Babies with a life-threatening condition whose bodies are cooled shortly after birth as a treatment continue to benefit from the therapy years later, a new study suggests.
In the study of babies born with hypoxic-ischemic encephalopathy (HIE), a condition in which the brain does not receive enough oxygen, those who received the body-cooling treatment were more likely to survive to ages 6 and 7 than those who did not receive the treatment, the study found.

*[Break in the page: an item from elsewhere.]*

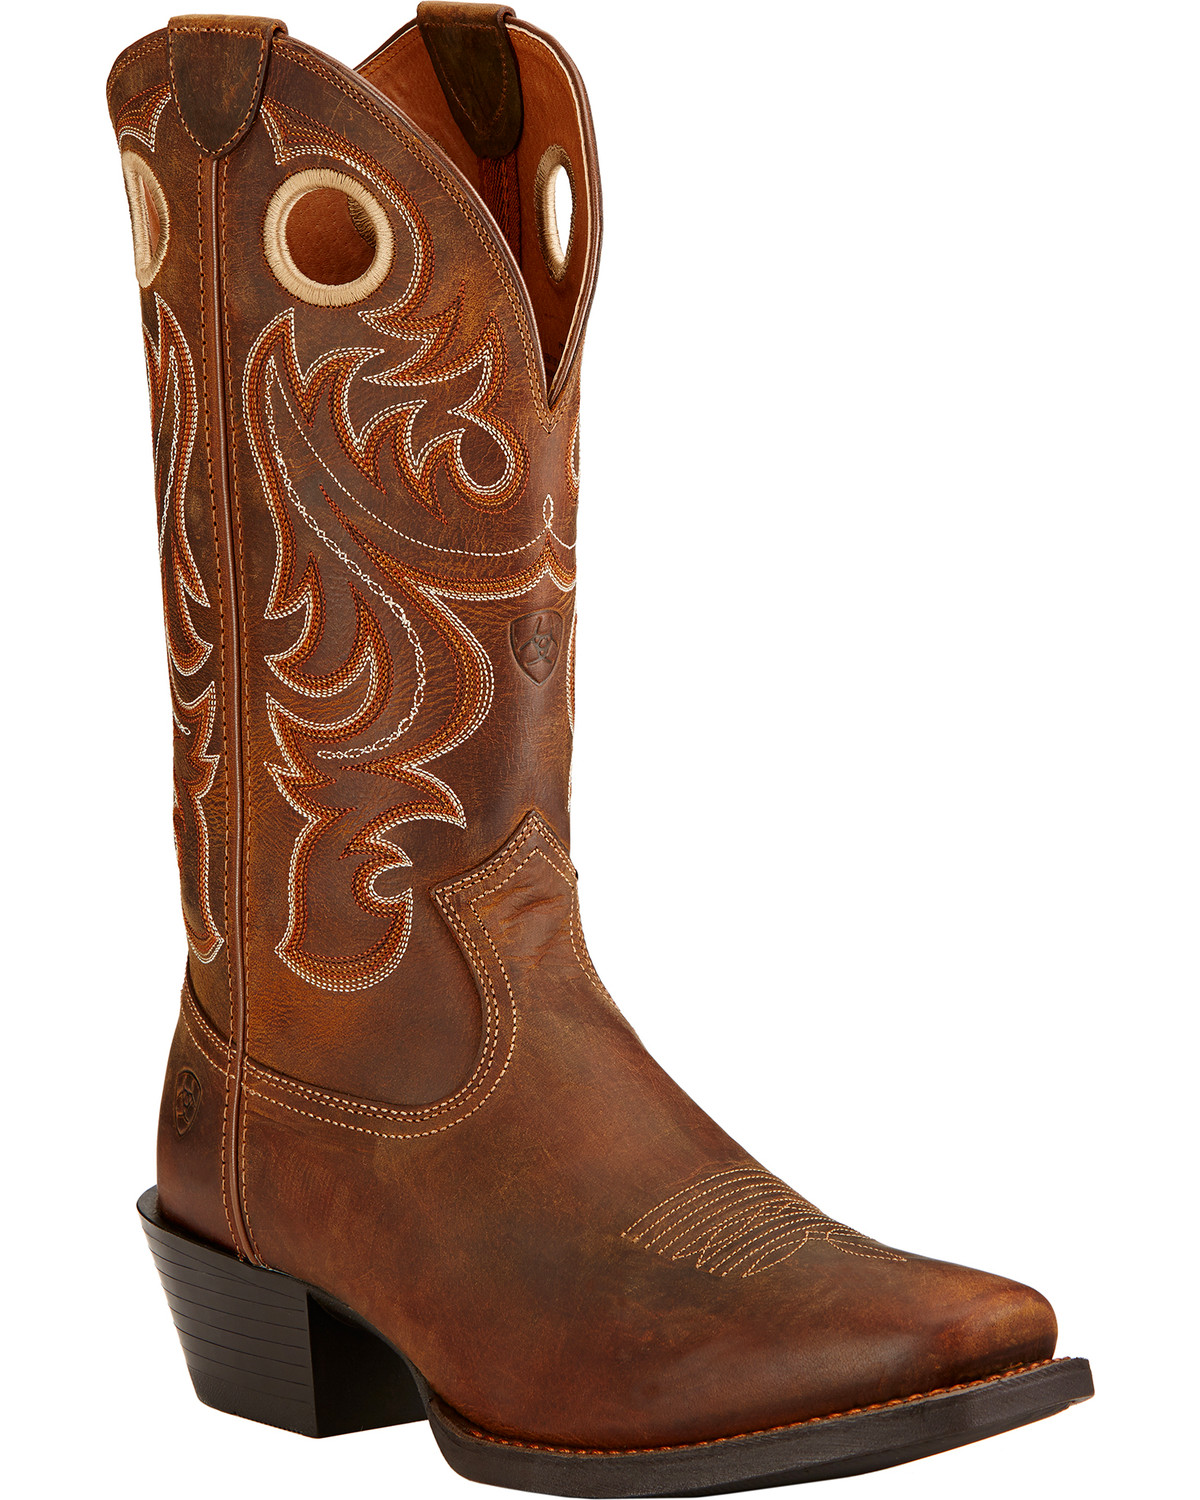 Ariat Men's Sport Western Performance Boots - Square Toe

In addition, the treatment did not appear to increase the risk of harms later in life — babies who received body cooling were no more likely to have physical disabilities or low IQ scores in early childhood, the researchers said.

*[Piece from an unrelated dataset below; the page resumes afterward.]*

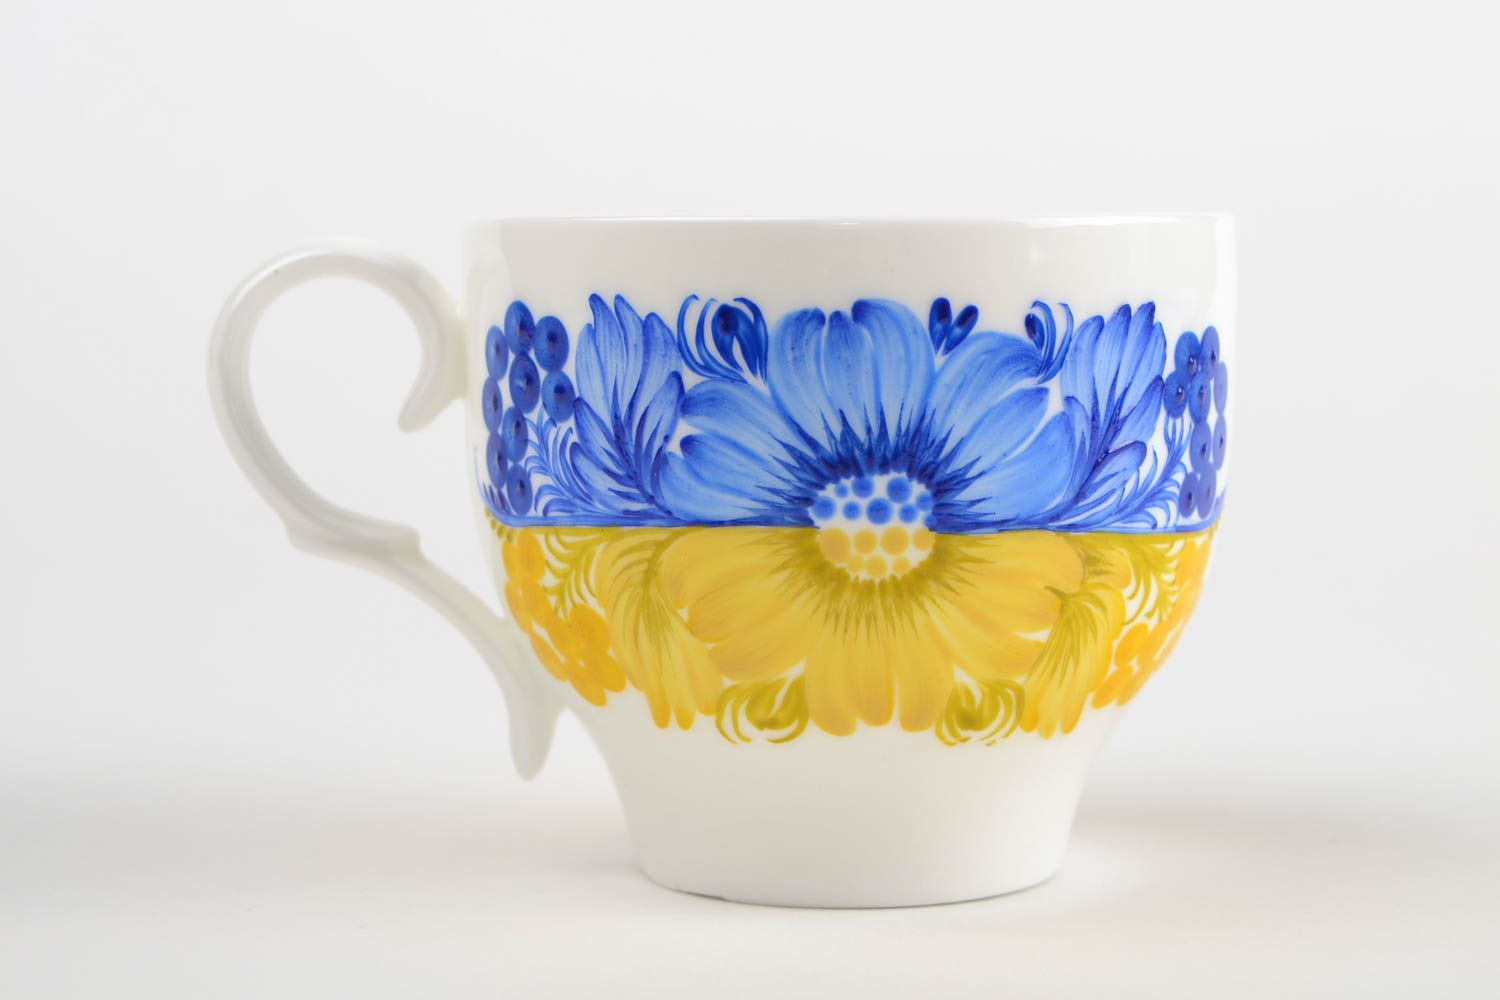 Porcelain teacup in white, yellow, and blue color with handle photo 5

The study supports the findings of earlier research that the cooling treatment decreased the risk of death in infants with HIE. However, it is the first study to show these benefits persist in school-age children, the researchers said.
“Before the advent of this cooling treatment in 2005, doctors couldn’t treat HIE, and many infants died or sustained brain injury,” said study researcher Dr. Seetha Shankaran, director of neonatal/perinatal Medicine at Wayne State University in Detroit. “It’s reassuring to see that the benefits of this practice… are apparent as these children grow.”
Some infants’ brains fail to get adequate oxygen either at delivery or a few hours beforehand. There are many possible causes, including rupture of the uterus and compression of the umbilical cord. As many as one in 1,000 U.S. births is affected by HIE, and in severe cases, the death rate can be 50 percent.
Hypothermia, or body cooling, was widely adopted as an HIE treatment in neonatal intensive-care units around the world after a 2005 study found it reduced infants’ risk of death and disability, Shankaran said. However, it was not known whether the treatment increased the risk of memory or IQ problems, which cannot be properly tested until children are older.
In the new study, Shankaran and colleagues analyzed information from 190 children with HIE, about half of whom were treated through hypothermia within six hours of birth. The researchers followed the children until ages 6 or 7.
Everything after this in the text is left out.